TASK DETAILS:
In the listing that follows, print every line exactly and leave the images out.

COLLECTED DATA:

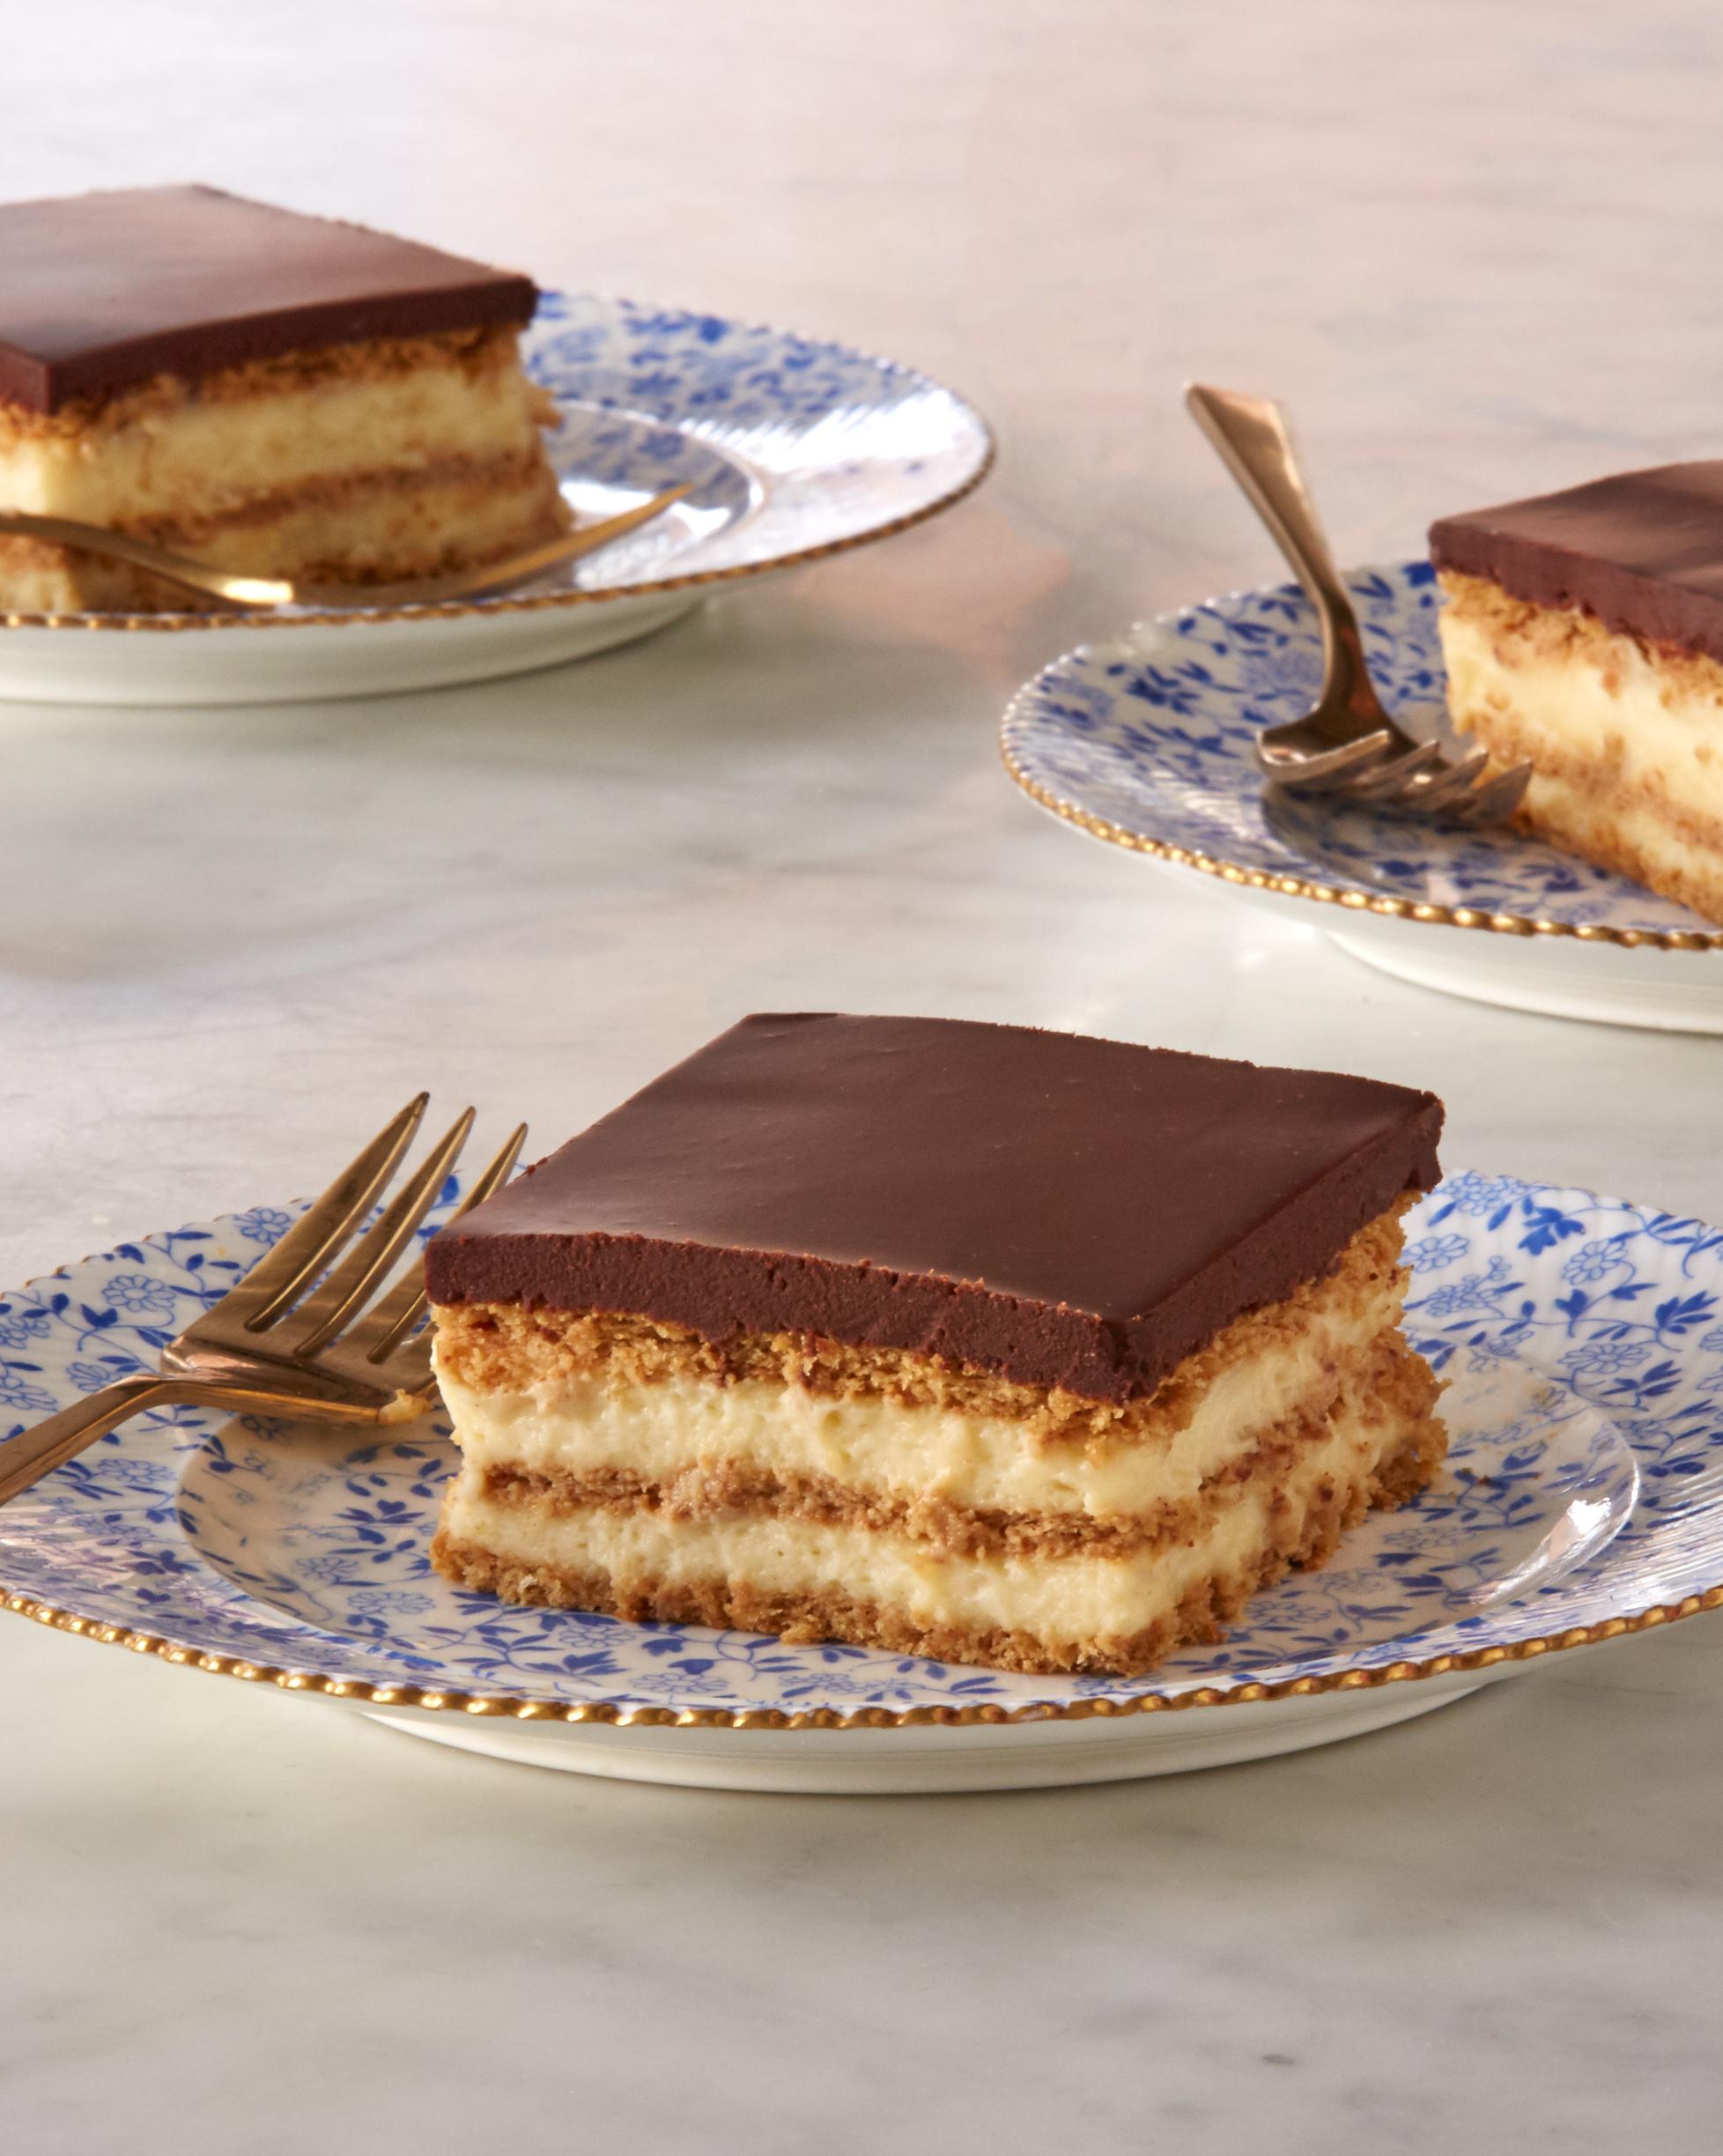 eclair-cake-0420-d112647.jpg
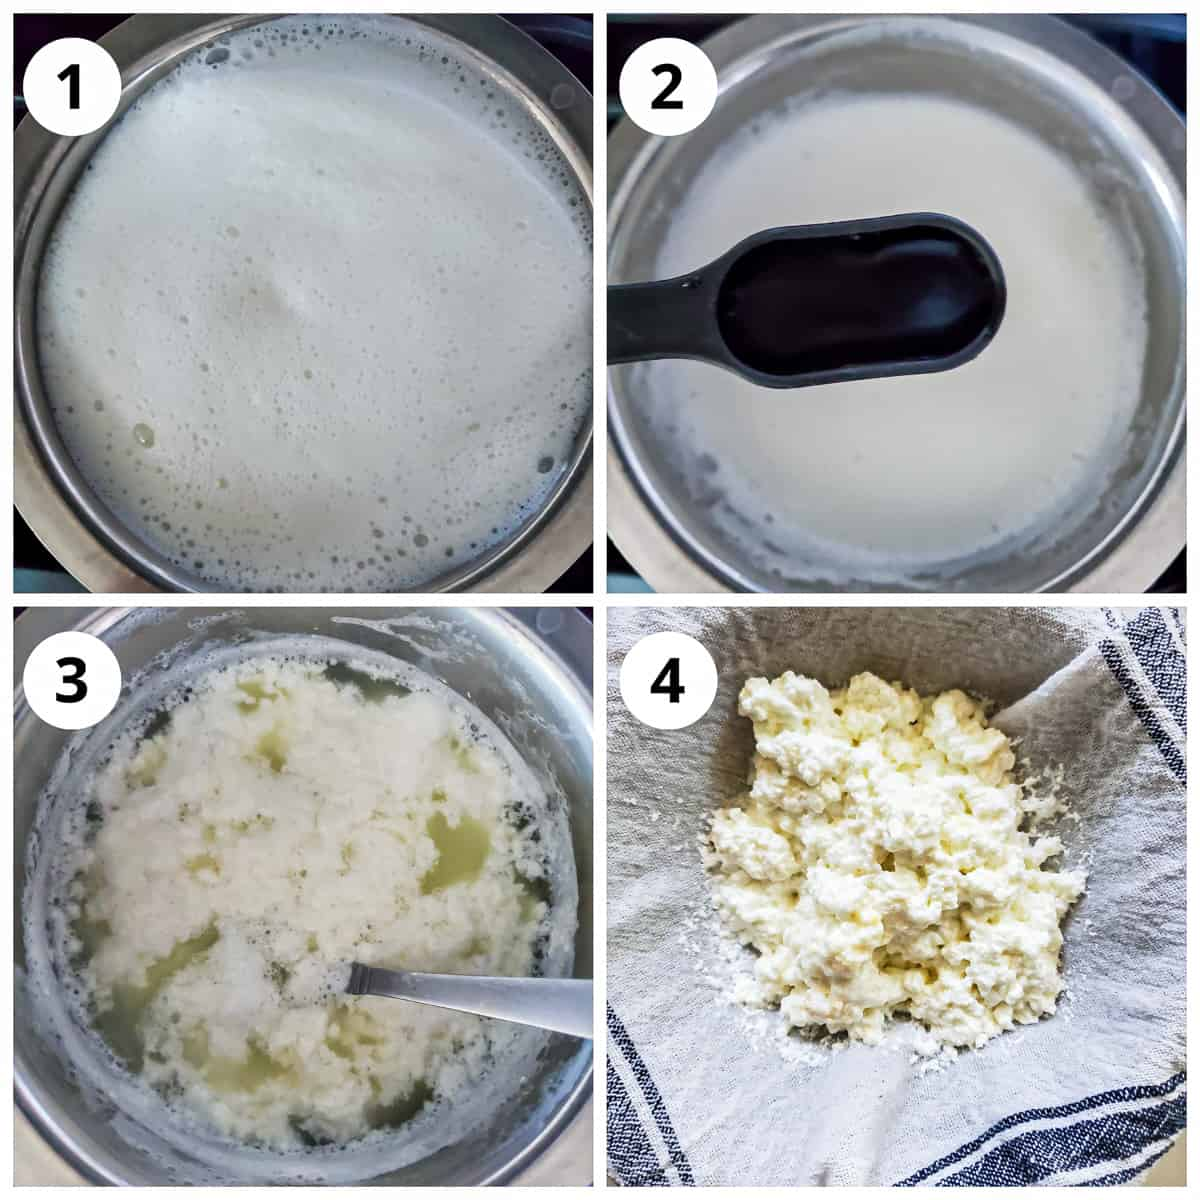 Steps for boiling milk, adding vinegar to curdle milk
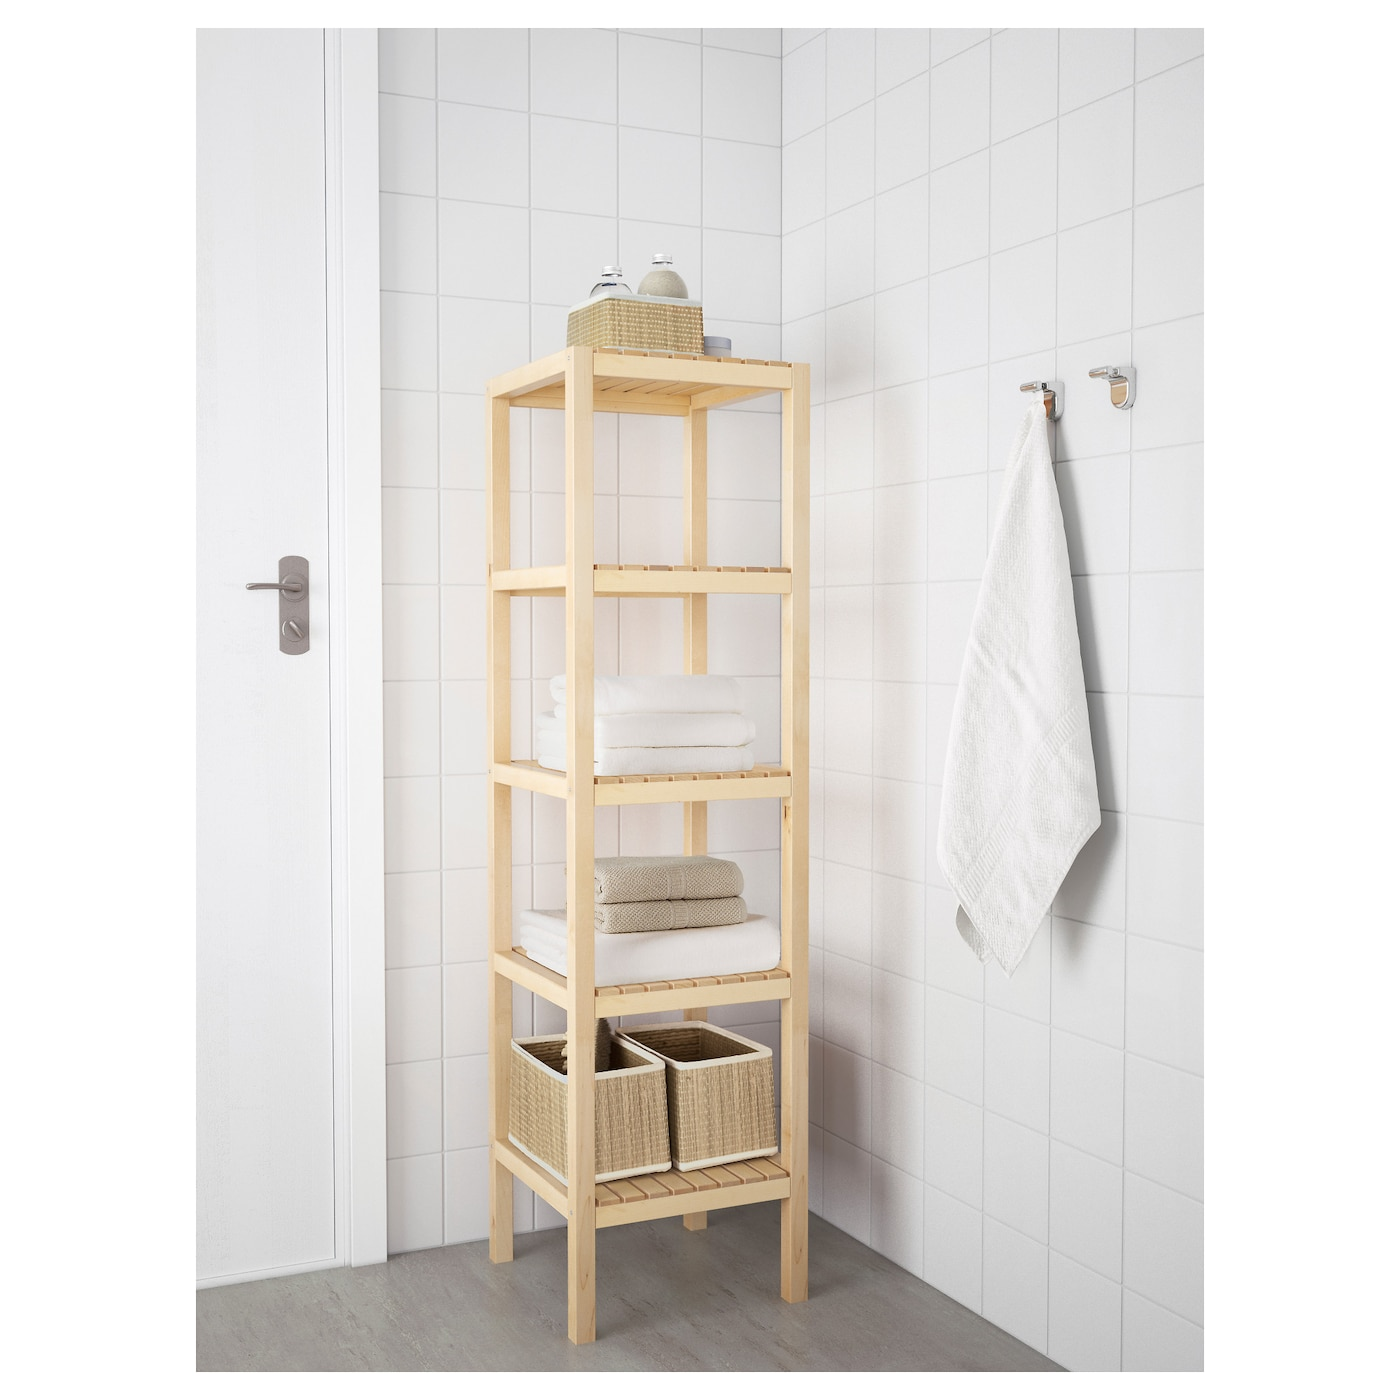 molger shelving unit birch x cm  ikea - ikea molger shelving unit the open shelves give an easy overview and easyreach

ANSWER AREA:
 eclair-cake-0420-d112647.jpg
 Steps for boiling milk, adding vinegar to curdle milk
 molger shelving unit birch x cm  ikea - ikea molger shelving unit the open shelves give an easy overview and easyreach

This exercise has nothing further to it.